EXERCISE AIM – Starting with the line below that holds "flower, tree, freshness, growth, sky, grass, beauty" and stopping after the line that holds "Figbird Cafe and", transcribe the lines exactly, leaving out all pictures.

GIVEN INFORMATION –
++++++++++

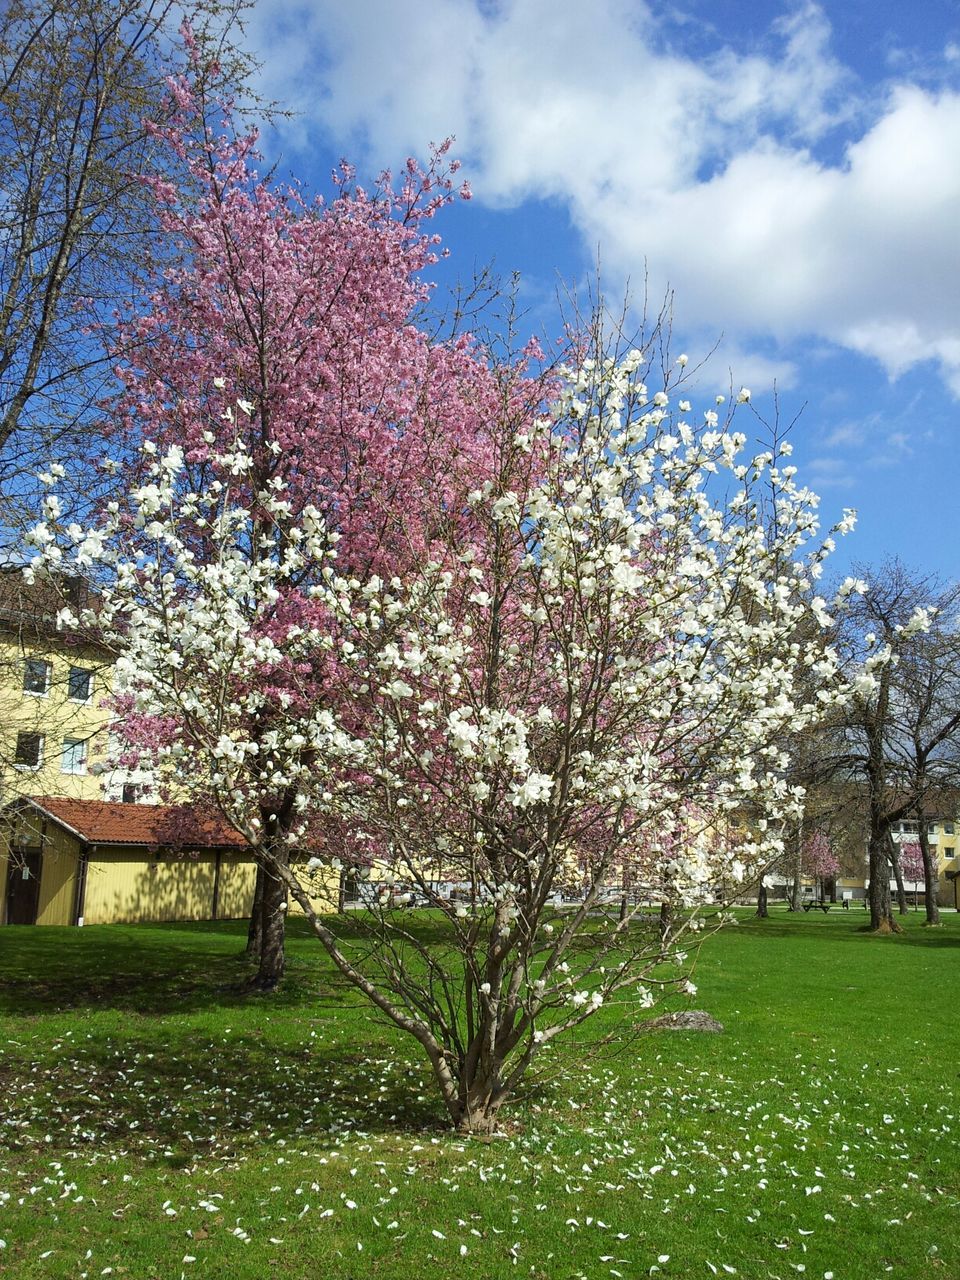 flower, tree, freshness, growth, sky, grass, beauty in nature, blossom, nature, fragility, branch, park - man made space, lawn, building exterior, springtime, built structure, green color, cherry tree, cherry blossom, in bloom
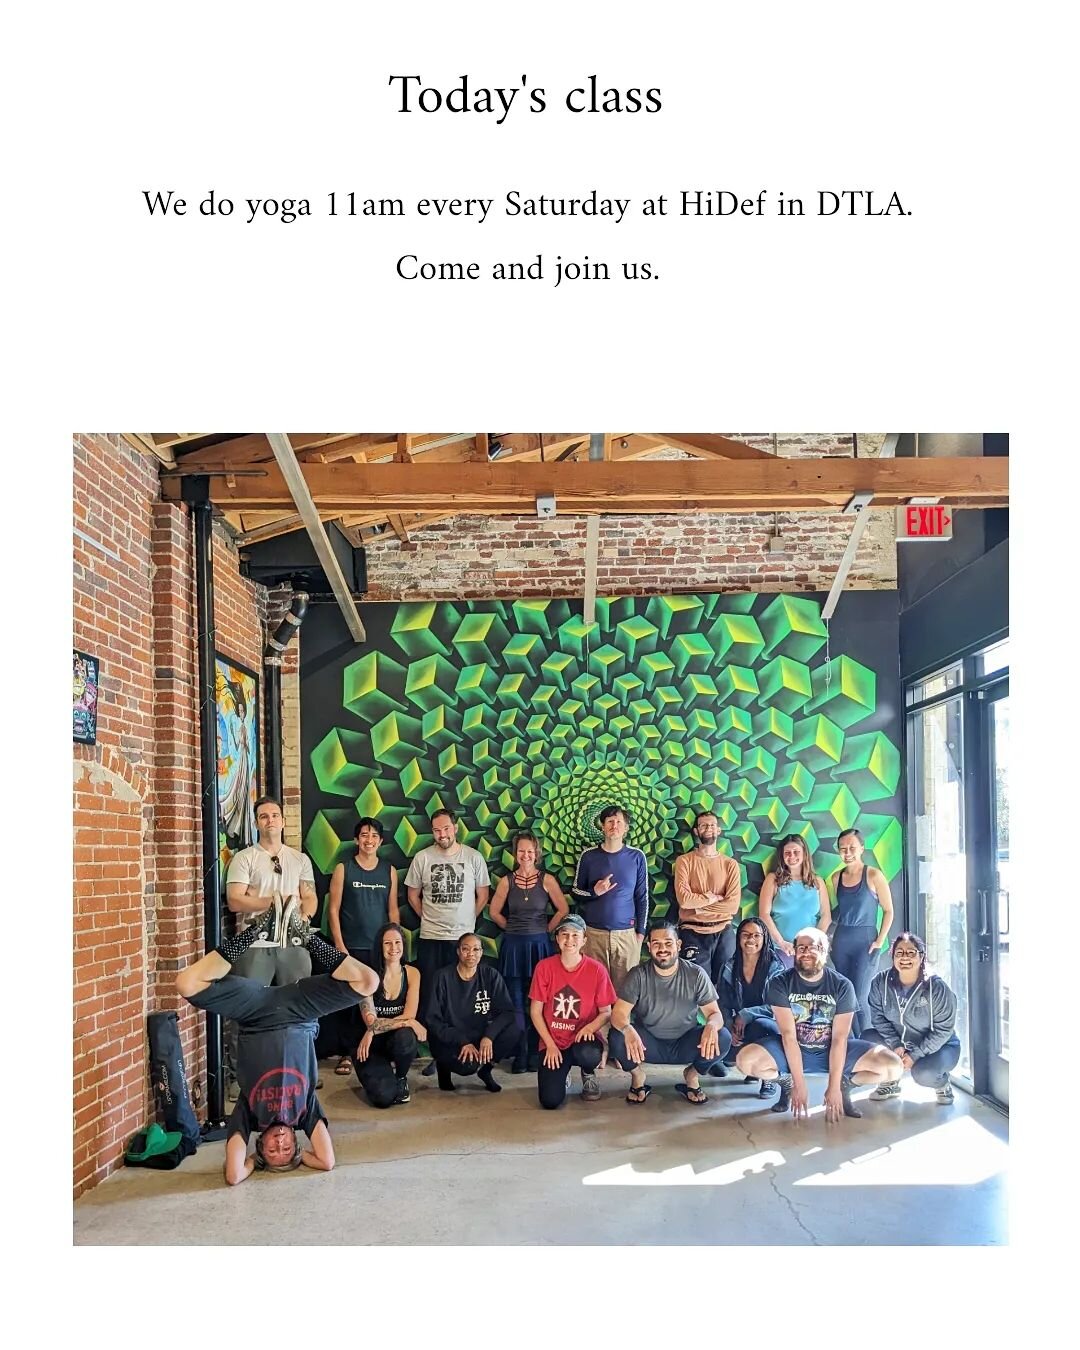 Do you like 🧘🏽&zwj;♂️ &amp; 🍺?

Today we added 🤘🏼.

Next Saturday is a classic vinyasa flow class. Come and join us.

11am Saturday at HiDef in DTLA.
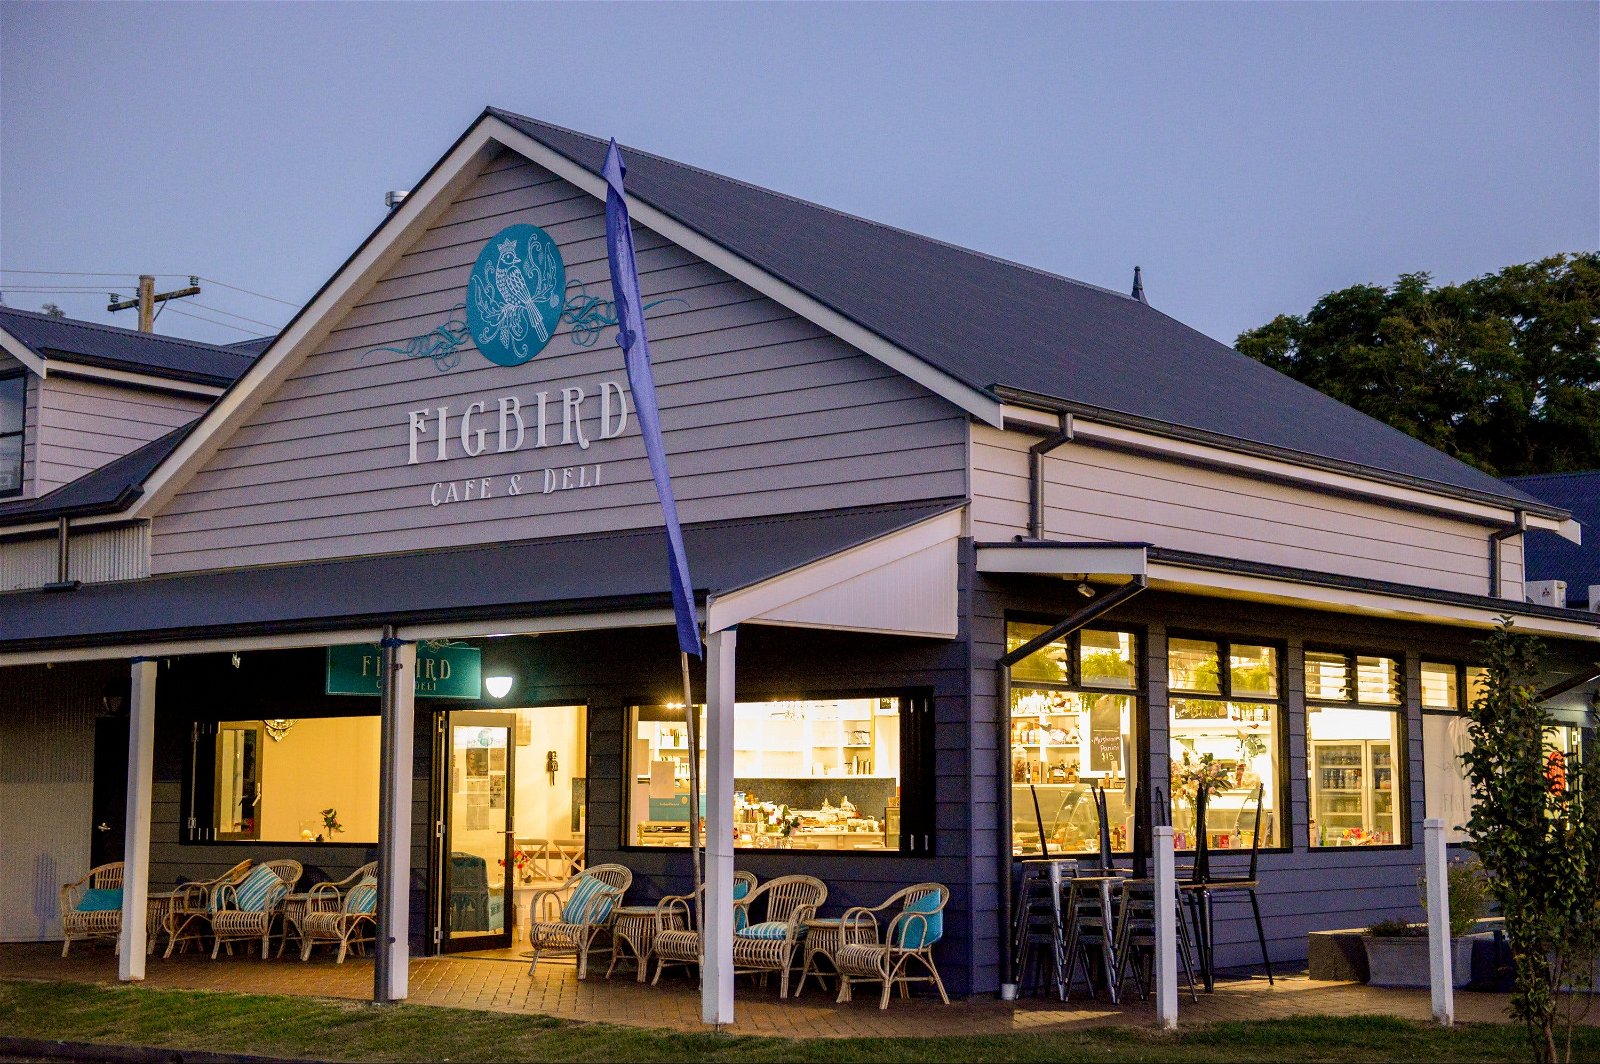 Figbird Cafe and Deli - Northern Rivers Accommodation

++++++++++

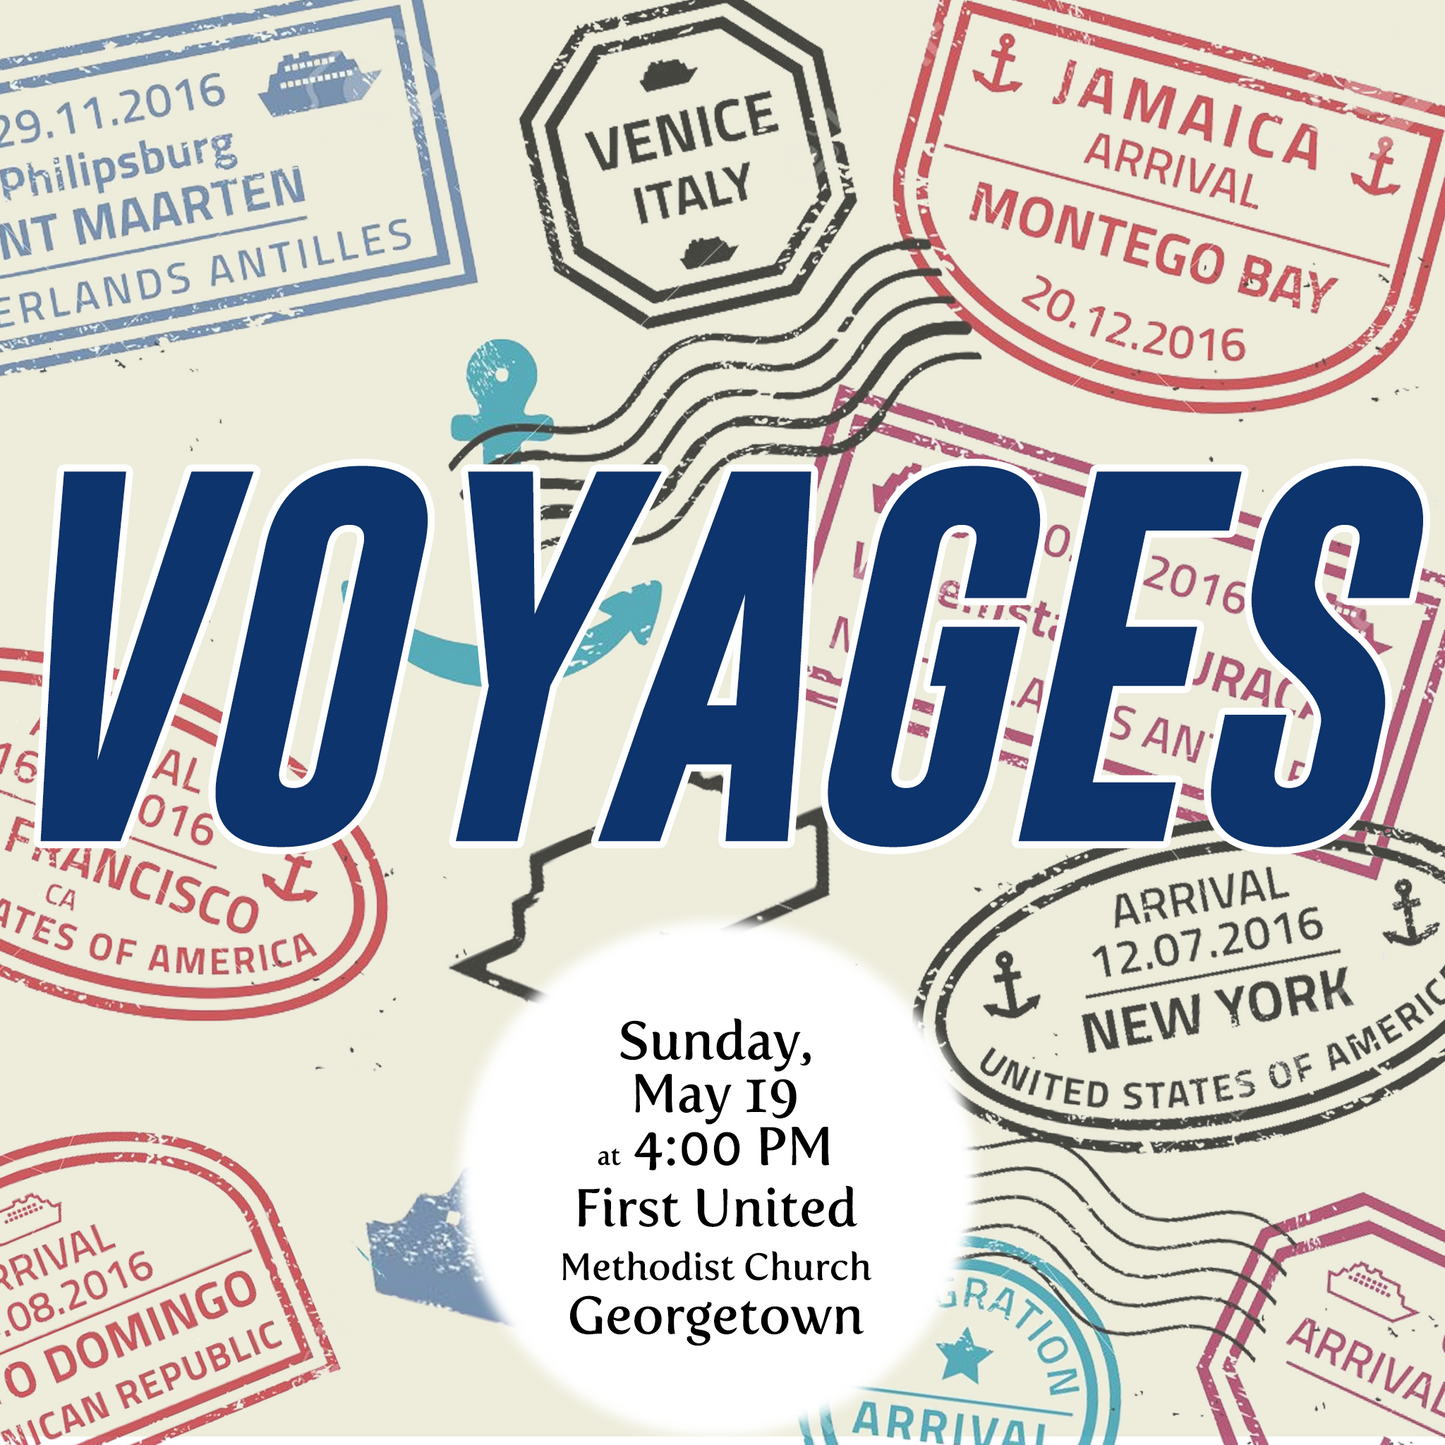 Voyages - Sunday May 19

++++++++++

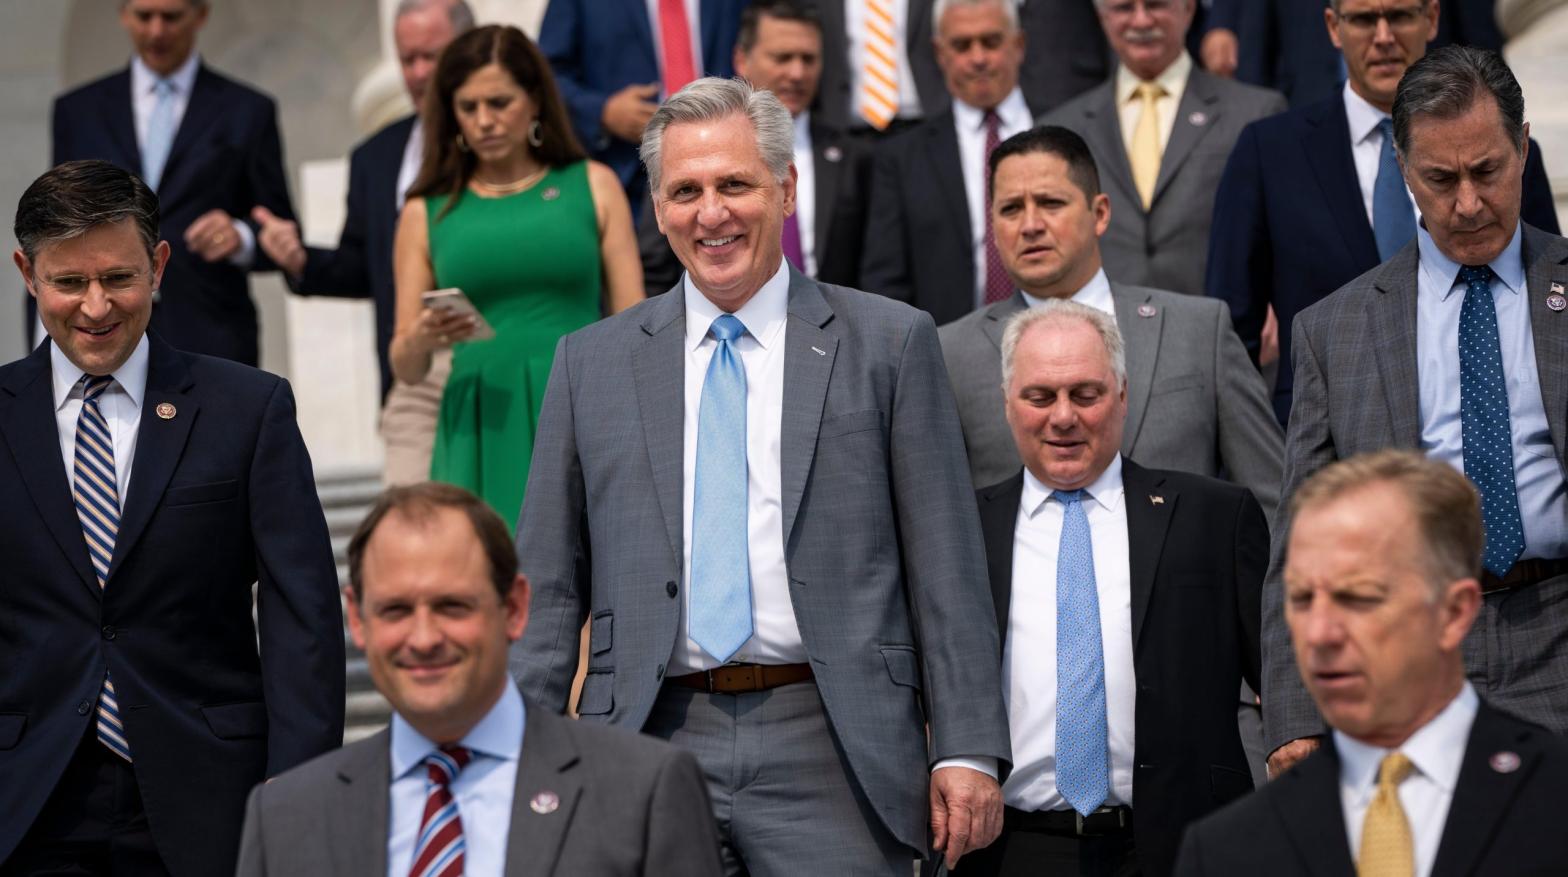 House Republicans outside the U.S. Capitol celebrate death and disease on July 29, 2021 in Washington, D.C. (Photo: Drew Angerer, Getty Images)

++++++++++

COMPLETED TASK –
 flower, tree, freshness, growth, sky, grass, beauty in nature, blossom, nature, fragility, branch, park - man made space, lawn, building exterior, springtime, built structure, green color, cherry tree, cherry blossom, in bloom
 Do you like 🧘🏽&zwj;♂️ &amp; 🍺?

Today we added 🤘🏼.

Next Saturday is a classic vinyasa flow class. Come and join us.

11am Saturday at HiDef in DTLA.
 Figbird Cafe and Deli - Northern Rivers Accommodation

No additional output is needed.